1.1. In particolare, l'appellante ha dedotto la violazione dell'art. 13 comma secondo cpc, dell'art. 91 cpc e degli artt. 4 e 5 dle DM 55/2014 e difetto di motivazione della sentenza, stante la mancanza di contrapposte domande tali da giustificare la compensazione delle spese.
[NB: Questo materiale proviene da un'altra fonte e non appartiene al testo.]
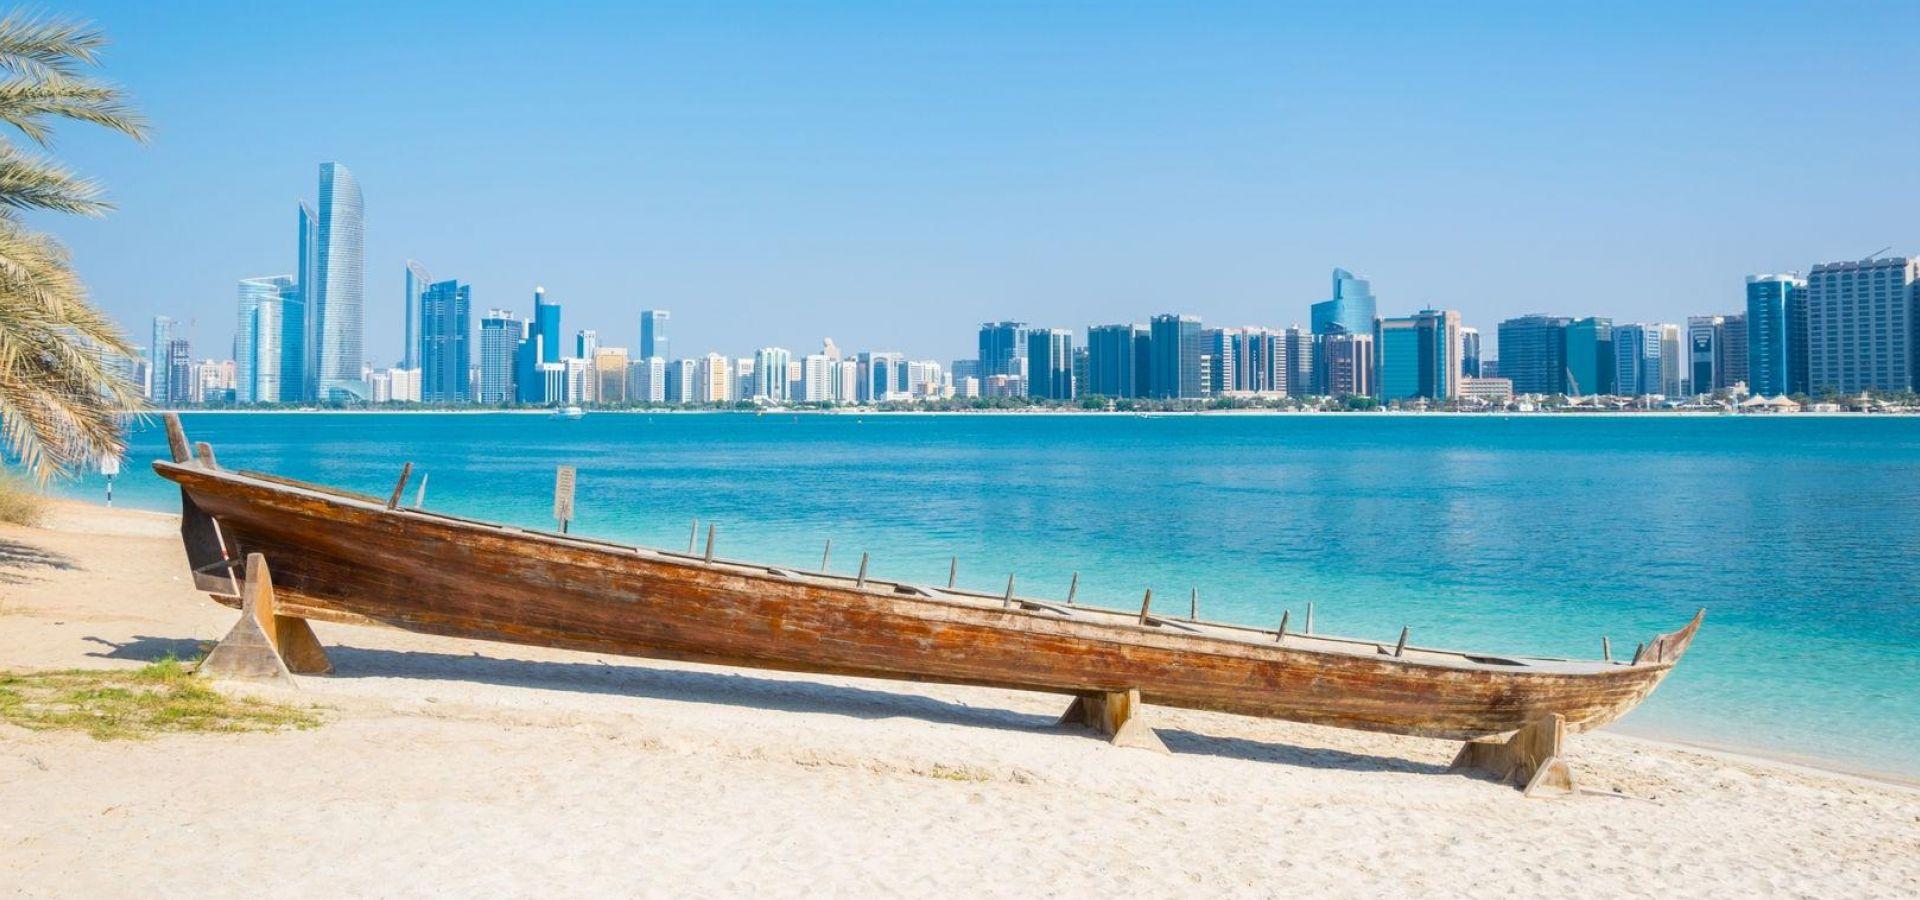 culture hotspots in Abu Dhabi

Ha, quindi, chiesto la riforma della decisione richiamando le tariffe di cui al DM 55/2014 ed il valore della controversia rientrante nello scaglione tra € 5200,01 fino a 26.000,00, per l'importo richiesto pari ad € 1215,00 oltre accessori.
1.2. Parte appellata ha contestato l'appello chiedendone il rigetto.
1.3. Acquisiti i documenti prodotti dalle parti nonché il fascicolo d'ufficio relativo al giudizio di primo grado, all'udienza del 12.11.2025, la causa è stata discussa e decisa come da infrascritto dispositivo letto in udienza.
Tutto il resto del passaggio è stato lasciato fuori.